_What the task requires_
Could you copy exactly the lines below from the one with "An extremely fluffy" to the one with "Family gathered around", inclusive, leaving out any pictures?

_Given information_
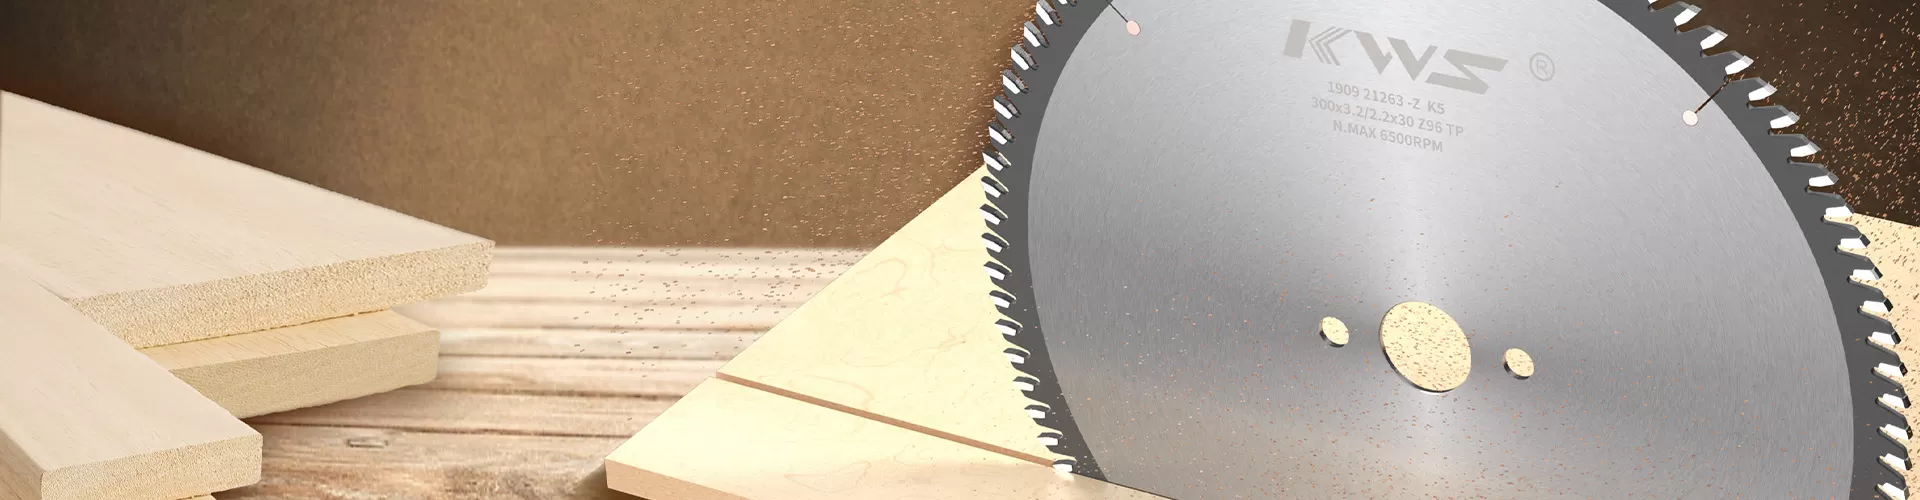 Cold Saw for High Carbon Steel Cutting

* * *

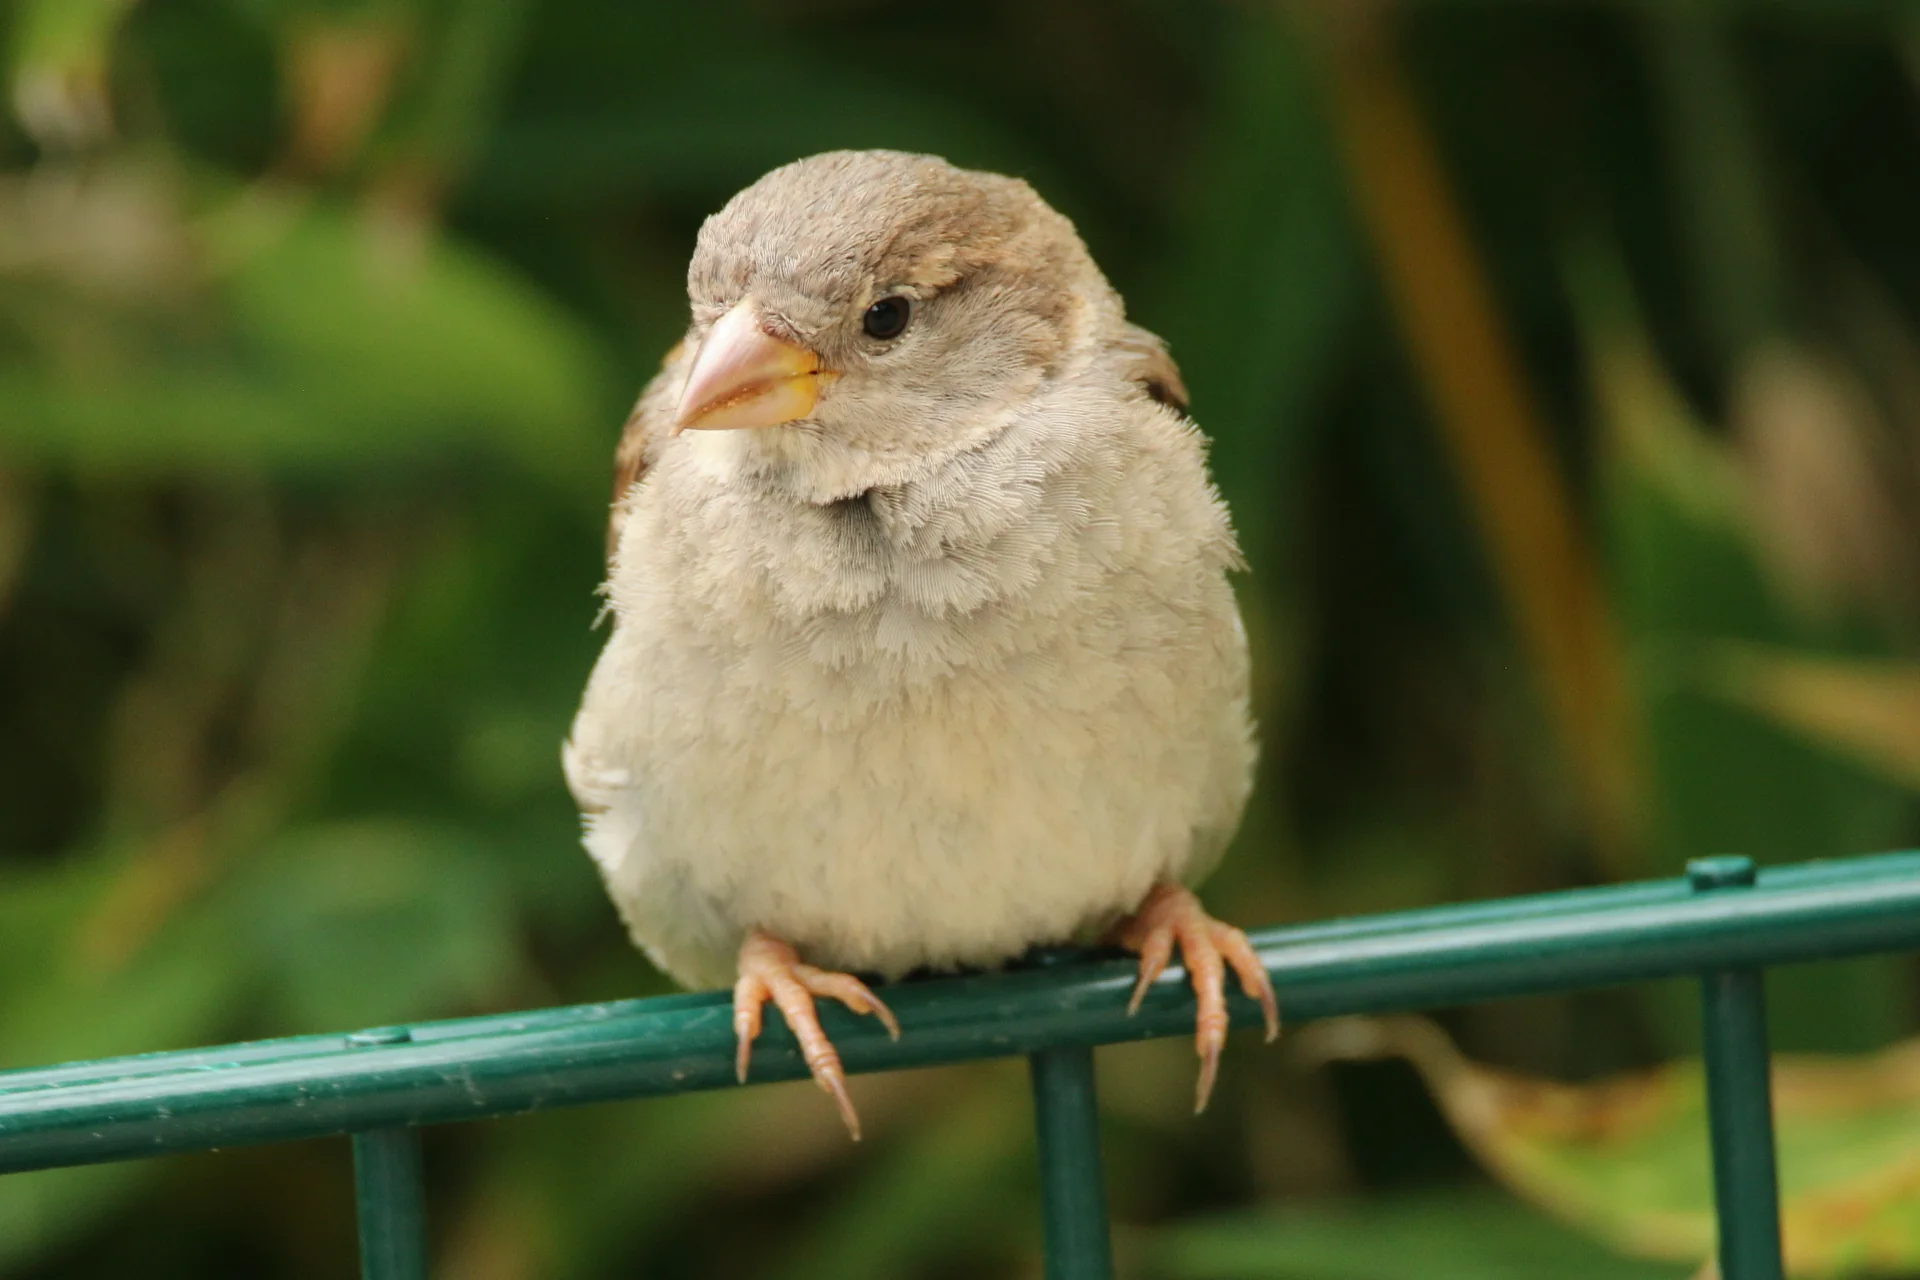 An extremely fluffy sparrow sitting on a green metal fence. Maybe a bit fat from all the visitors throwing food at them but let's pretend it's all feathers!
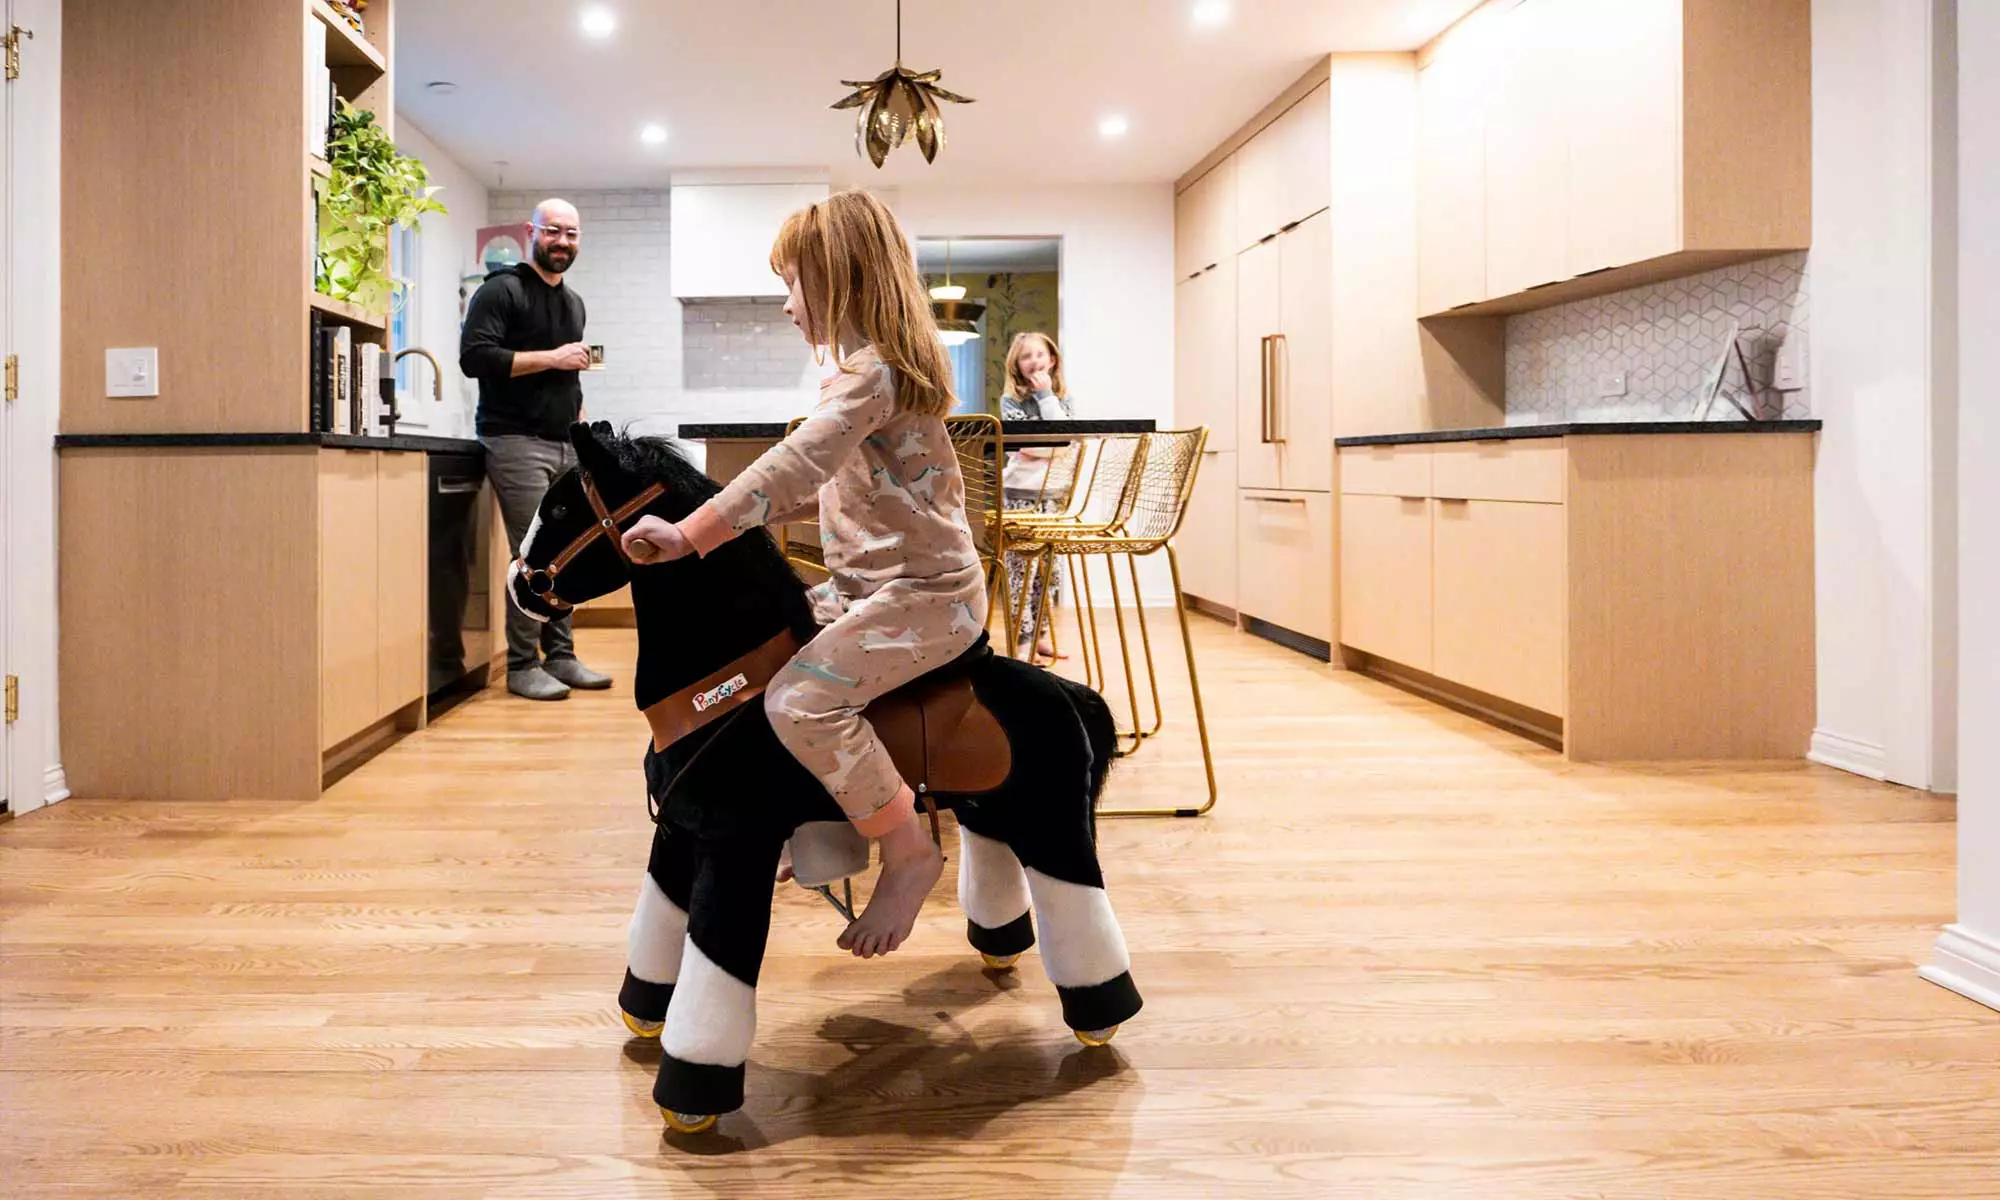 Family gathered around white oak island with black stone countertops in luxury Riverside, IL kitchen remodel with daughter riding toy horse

_Written reply_
 An extremely fluffy sparrow sitting on a green metal fence. Maybe a bit fat from all the visitors throwing food at them but let's pretend it's all feathers!
 Family gathered around white oak island with black stone countertops in luxury Riverside, IL kitchen remodel with daughter riding toy horse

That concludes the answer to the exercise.